Veríssimo queria contar a saga do Rio Grande do sul e para
isso produziu uma obra monumental tanto em termos de trama quanto de qualidade
literária, ao misturar dramas pessoais com acontecimentos históricos.
O capítulo dedicado à Ana Terra tem uma das melhores
aberturas da literatura brasileira:
“ ’Sempre que me acontece alguma coisa importante, está
ventando’ – costumava dizer Ana Terra. Mas entre todos os dias ventosos de sua
vida, um havia que lhe ficara para sempre na memória, pois o que sucedera nele
tivera força de mudar-lhe a sorte por completo”.

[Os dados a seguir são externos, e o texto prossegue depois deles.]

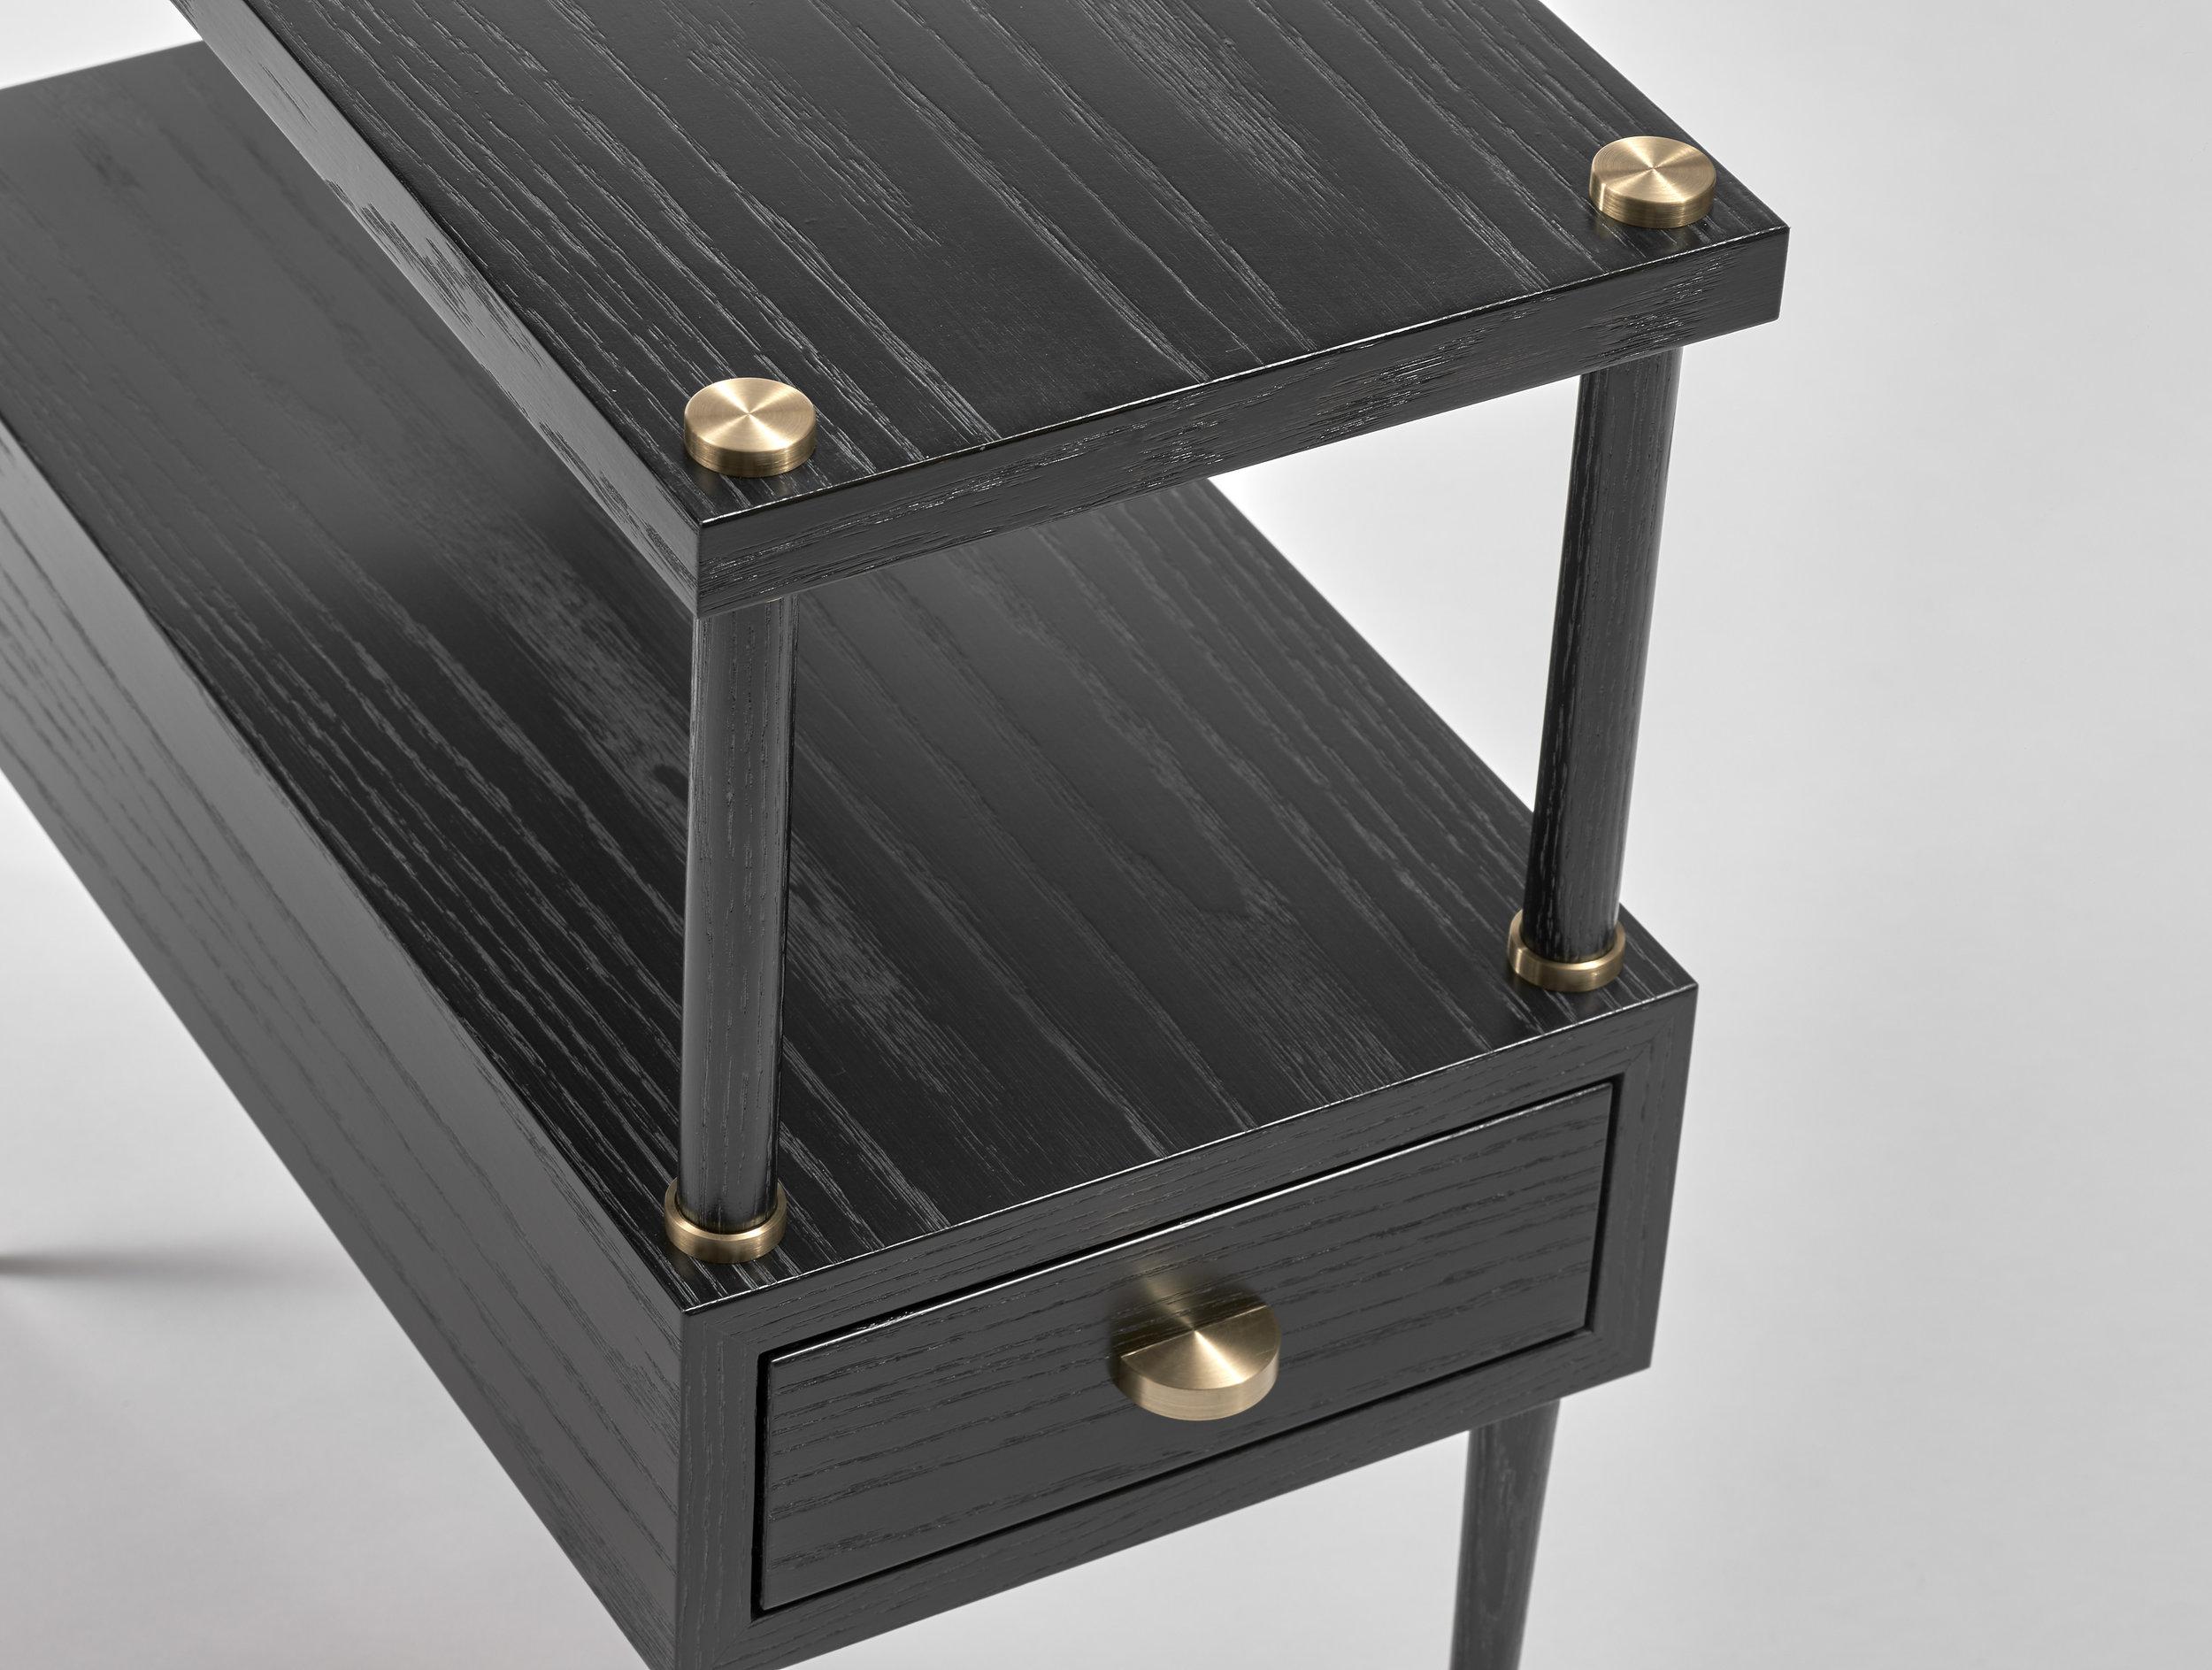 Dexter Table2.jpg

O que acontece naquele dia chuvoso é que, ao levar a roupa
para lavar na sanga, ela encontra um homem com traços indígenas, semi-morto. O trecho,
que ocupa dois capítulos inteiros, entremeia os fatos do presente com
pensamentos e recordações da personagem em verdadeiros flash backs. Ana se
lembra de como ela e o restante da família tinham ido de Sorocaba, em São
Paulo, para uma região deserta do Rio Grande de São Pedro, de quando o Major
Pinto Bandeira, um herói da luta contra os espanhóis tinha almoçado em sua casa
etc.
Pedro, o mestiço que ela encontra desacordado na sanga é o
protagonista do capítulo anterior do livro, que contara a história dos sete
povos das missões, um agrupamento de indígenas arregimentado pelos padres jesuítas.

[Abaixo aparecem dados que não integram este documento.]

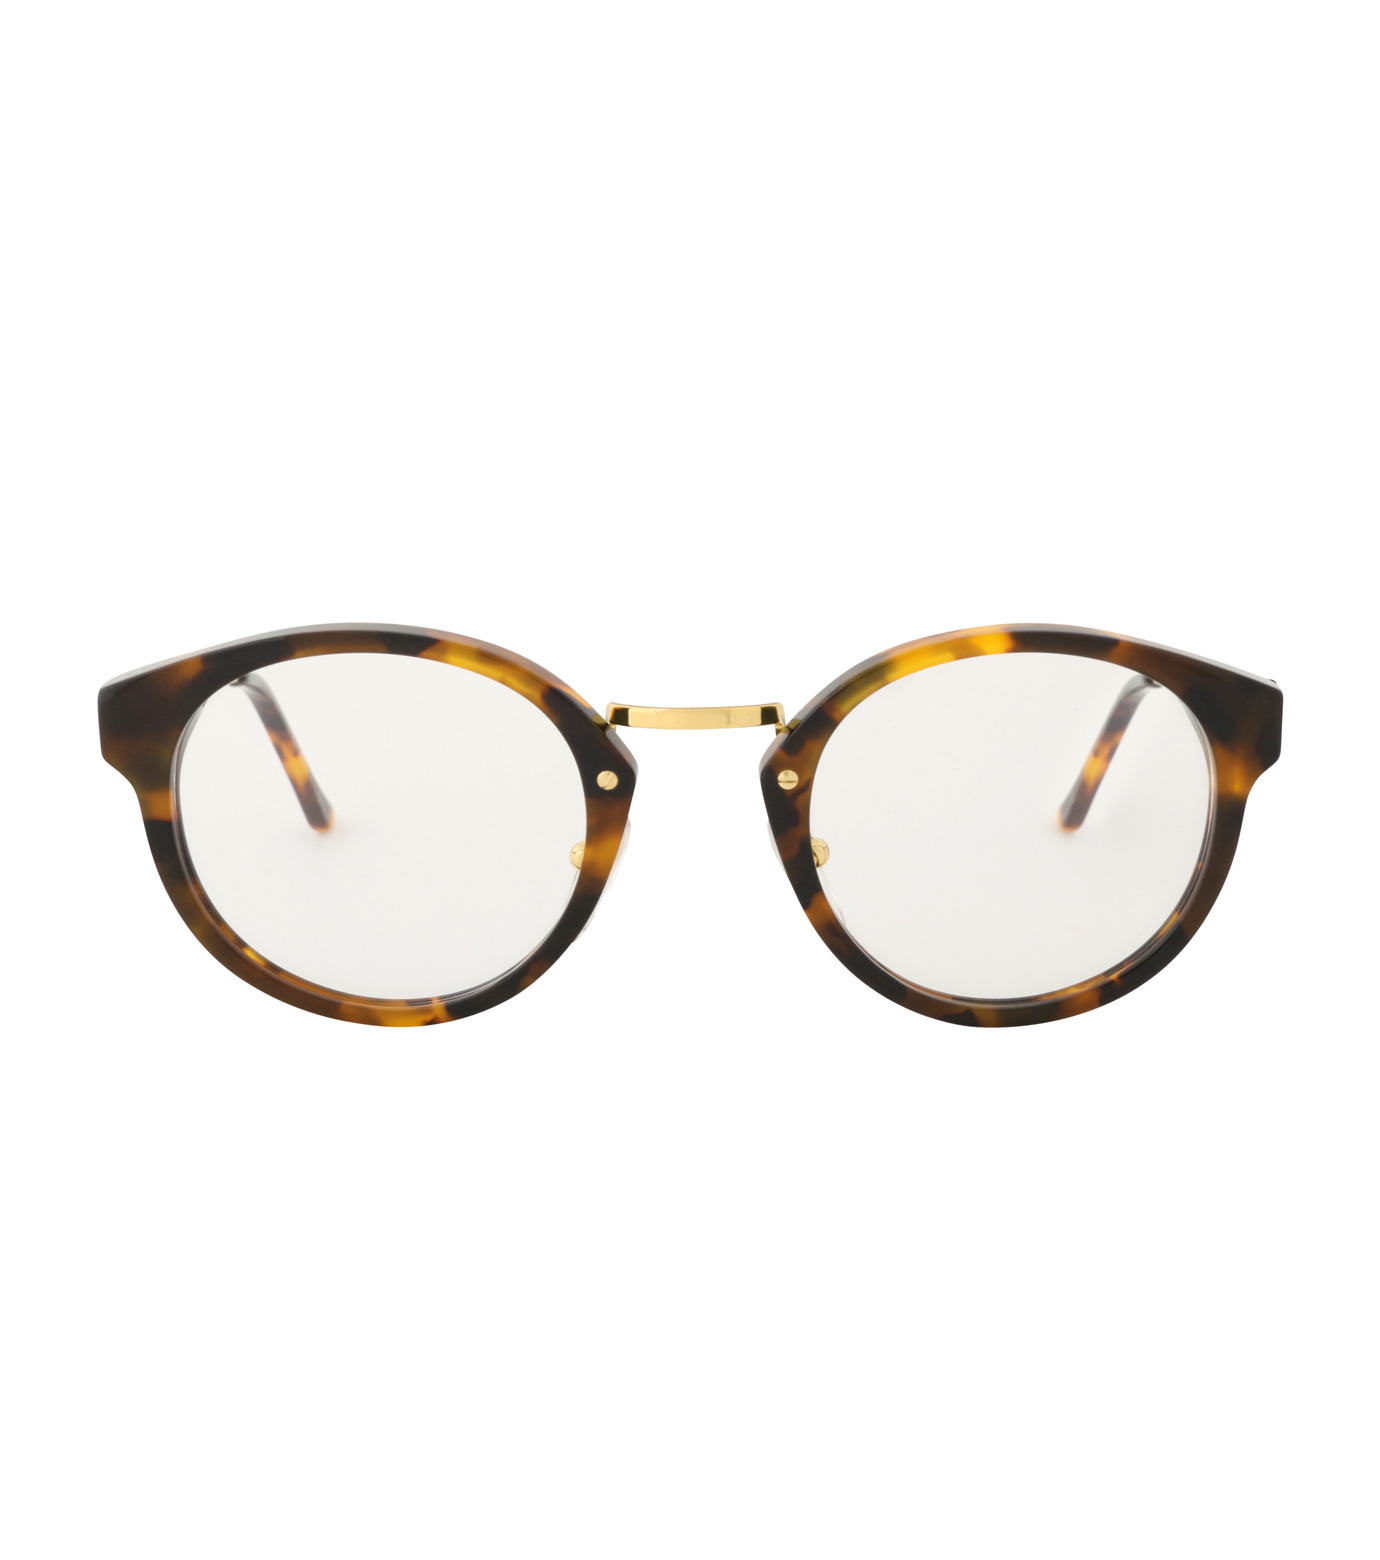 SUPER(スーパー)のPANAMA HAVANA CLASSIC CLEAR LENS-BROWN(アイウェア/eyewear)-SPRXXXX055-42 拡大詳細画像3

A mãe fora violentada por um bandeirante e morrera no parto, sendo ele criado
por padres.
Temos aqui uma das genialidades de Veríssimo ao arquitetar
sua trama. Um dos padres mais próximos de Pedro havia entrado para a ordem após
tentar matar um homem. Arrependido de seu pecado, ele entra para a ordem jesuíta,
mas guarda o punhal que seria usado no crime como uma forma de lembrança de sua
fraqueza.
Pedro vai herdar esse punhal, que passará de mão em mão até
chegar a um dos meninos de O casarão, capítulo mais distante cronologicamente e
que aparece no livro de forma fragmentada, entre os vários outros capítulos. O punhal
torna-se assim, um Leitimotiv, o motivo condutor dos homens da saga.
Pedro é resgatado e curado pela família Terra e, apesar da
desconfiança inicial, vai conquistando a confiança, especialmente graças ao seu
modo servil e prestativo. Tudo muda, no entanto, quando Ana engravida – e esse é
o trecho mais chocante da obra, tanto pela violência física quanto pela violência
psicólogica e rejeição sofrida por Ana e seu filho.

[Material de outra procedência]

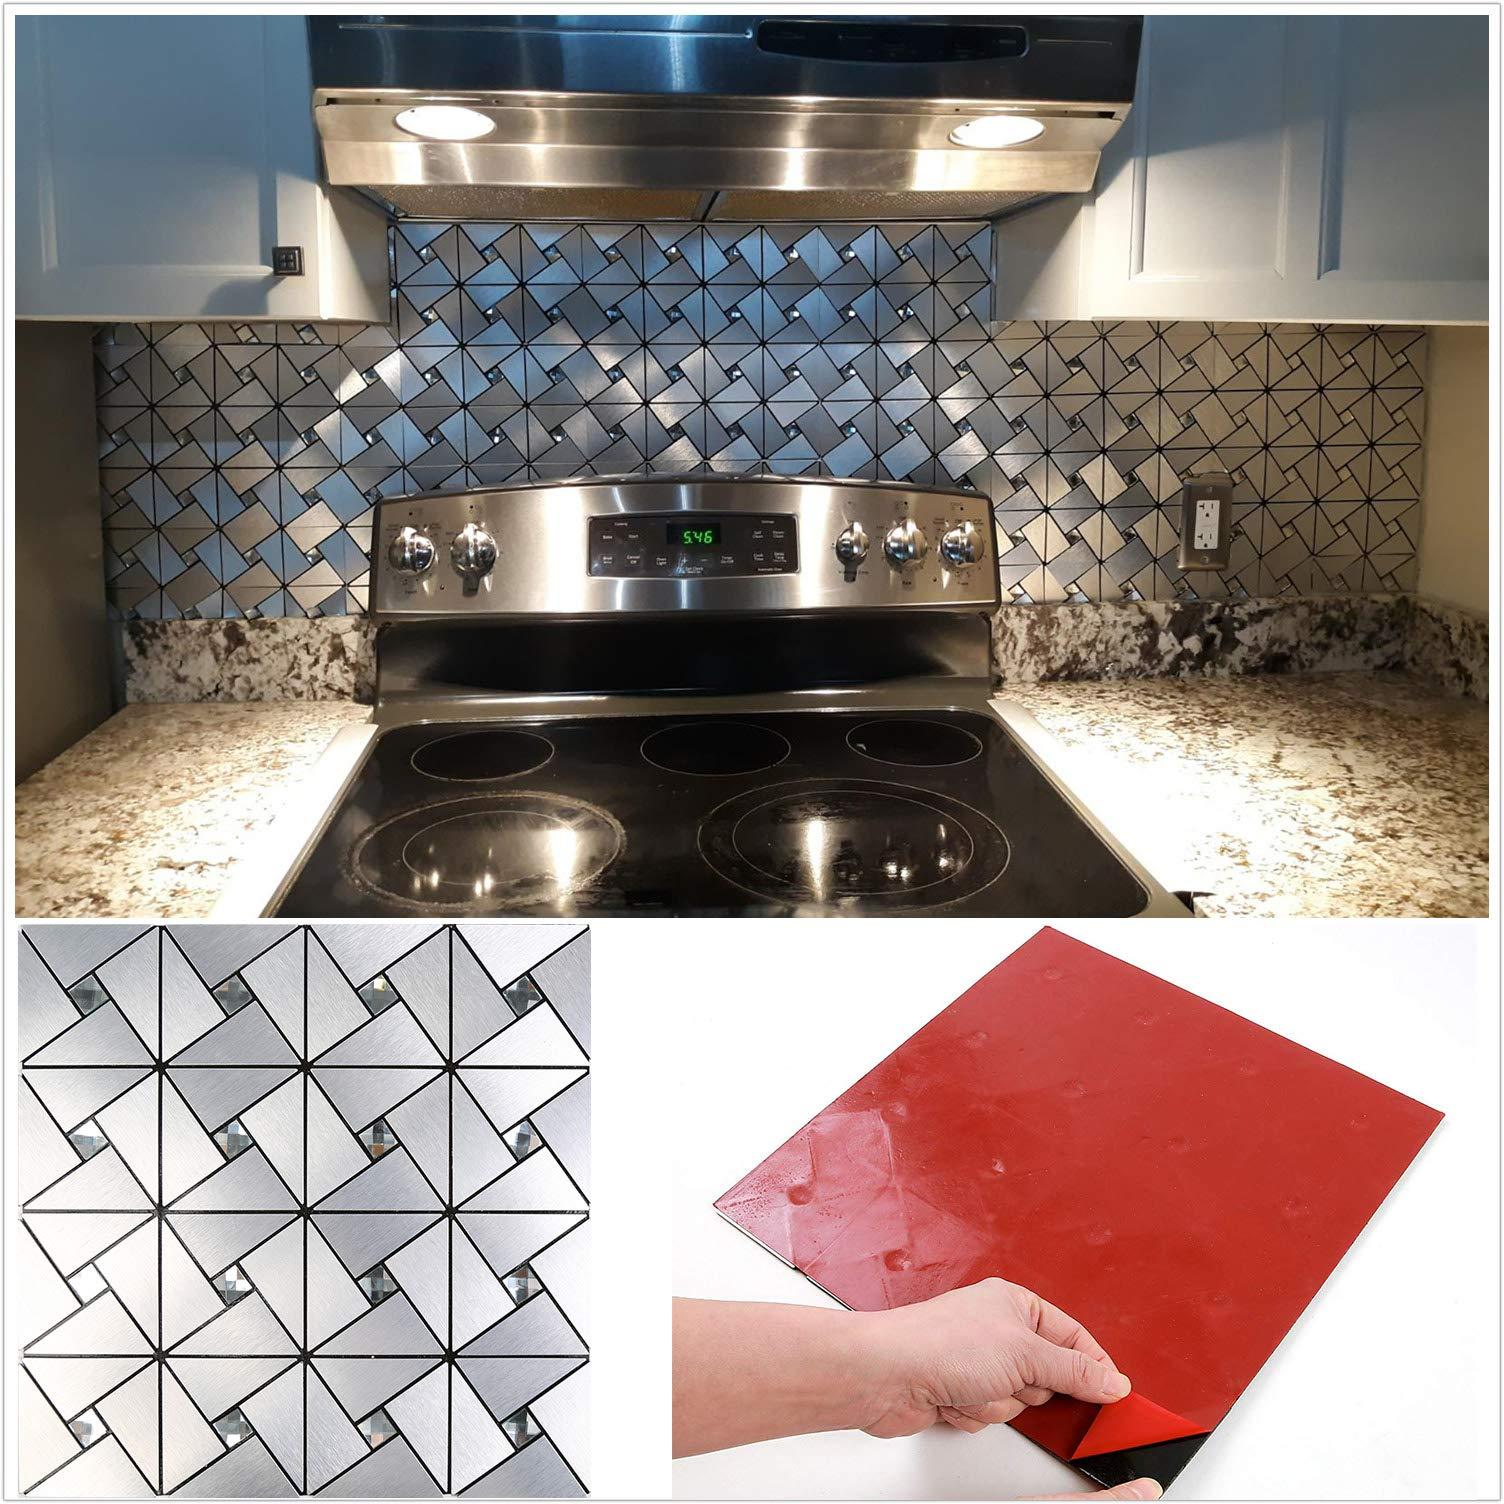 Homeymosaic Peel And Stick Tile Backsplash Stick On Kitchen Wall Decor Aluminum Surface Metal Mosaic Smart Tiles Wall Sticker Windmill Puzzle Glass Mixed 12 X12 X 5 Sheets

O capítulo-livro termina com outra mostra da genialidade de Érico
Veríssimo:
“Era por isso que muito mais tarde, sendo já mulher feita,
Bibiana ouvia a avó dizer quando ventava: Noite de vento, noite dos mortos”.
Essa mesma frase é recordada por Bibiana, neta de Ana, em um
dos capítulos de O casarão. Com isso o escritor não só providenciou um leitimotiv
para as mulheres da família Terra-Cambará, como ainda costurou a trama, fazendo
com que todos os capítulos fossem interligados.